I assert that the radius of a quantum field generated by a mass-less particle in one second will be equal to ‘c’ or 299 792 458 m giving a volume of V = 4/3*pi*c^3 and here V = Phi = 1.129 x 10^26 m^3 s^-1.
To make this ATM a quantum theory I need a time and space quanta which will be 1/Phi = 8.86 x 10^-27 m^-3 s^-1.
Space will be measured by the radius of the quantum field and time will be measured by the volume of the quantum field. This simple contention will separate time and space during measurement but space-time will remain one entity.
As I said earlier mass will retard or distort the quantum field from its true value. I will use the volume of the distortion of the Earth’s quantum field caused by the Earth’s mass to gain a space-time constant ‘STC’. I will use it to calculate the quantum field distortion caused by any mass and give an example of the Sun’s quantum gravity field.
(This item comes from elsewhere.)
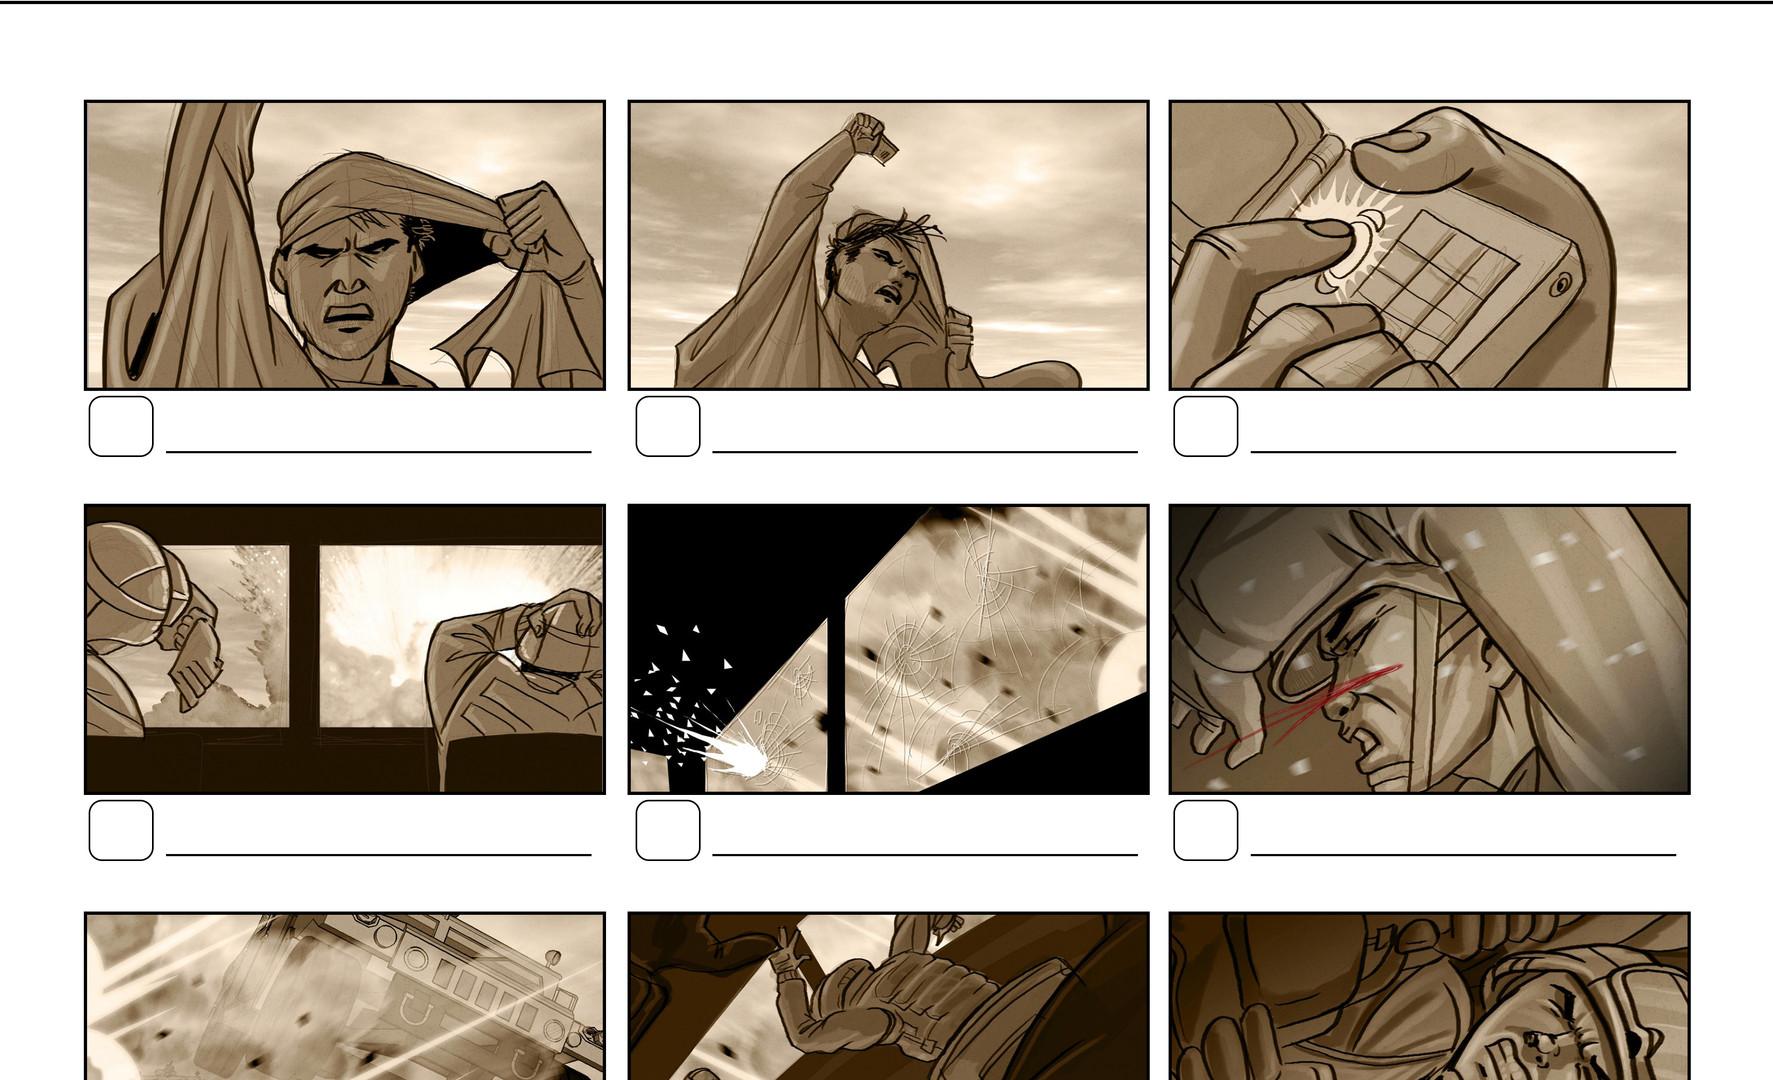 DM_storyboards_HeartsintheSand_03.jpg

At the Earth surface and according to Newton, gravity has a distortion of g = 9.81 m s-2 so the volume of this distortion caused by the Earth will be Vde = (4/3*pi*(Re + g)^3) – (4/3*pi*Re^3) = 5.01 x 10^15 m^3 where Re = the radius of the Earth.
Now I will simply divide the volume of Earth’s distortion by the mass of the Earth to gain the space-time constant, so STC = Vde/Me = 8.386 x 10^-10 where ME is the mass of the Earth.
Now let’s see if this geometric quantum method can match Newtonian gravity for the gravity field of the Sun.
As stated earlier the base of any measurement will be the flow of a quantum field generated by a mass-less particle considered at rest. Here space is ST = ((3*t*Phi)/(4*pi))^1/3 where ‘t’ is the time input in seconds.
The Sun’s quantum field will be retarded by a small amount because of its mass. The volume of the distortion of the Sun’s quantum field will be Vds = Ms x STC = 1.67 x 10^21 m3 where Ms = Mass of the Sun. Now I need to convert this value to time using the space-time quanta.
The time distortion for the Sun will be tds = (1/Phi)*Vds = 1.48 x 10^-5 s. This means the Sun’s quantum field is retarded by tdS and the flow of the Sun’s quantum field itself will be ts = t – tds.
Using this method the measurement of space and time are completely interchangeable. It will take a mass-less particle considered at rest t = ((4*pi*Rs^3)/(3*Phi)) = 12.49 s, where Rs = radius of the Sun, for the quantum field to reach the surface of the Sun from its centre of mass so ST = (3*t*Phi/4*pi)^1/3 = 6.956 x 10^8 m.
The retardation of the Sun’s own quantum field will be STS = ((3*ts*Phi)/(4*pi)) = 6.955 997 256 79 x 10^8 m giving a quantum distortion value for the Sun’s gravity of qgs = ST – STs = 274.321 m s^-2 if we check this with Newtonian gravity Ngs = G*Ms / Rs^2 = 274.321 m s^-2 and as you can see they are in agreement.
Combining the geometric equations and checking the value of the Sun’s gravity at 1 AU we have ST = (3*(((4/(3*phi))*pi*AU^3)*phi)/(4*pi))^(1/3) = 1.495 978 706 91 x 10^11 and
STs = ((3*(((4/(3*phi))*pi*AU^3)-TdisSun)*phi)/(4*pi))^(1/3) = 1.495 978 706 909 94 x 10^11
Giving a value for the distortion of quantum gravity at 1 AU from the Sun of qgs = ST -STs =5.93 x 10^-3 m s^-2
The value for Newtonian gravity will be Ngs = GMs/AU^2 = 5.93 x 10^-3 m s^-2.
Newtonian gravity and quantum gravity differ by only 9.1 x 10^-9 m s^-2 over this distance.
This method of calculating quantum gravity remains very close to Newtonian gravity for any planet or moon over any distance.
If anyone would like to test this for their self, I will be happy to provide the equations in a form that can be directly entered into the free Console calculator which is accurate to 80sf and can be downloaded at http://ccalc.shanebweb.com/
This paradigm shift in thinking about time and space will take some people by surprise but the mathematics work and work well. I hope you will try it yourself and that it gives everyone food for thought.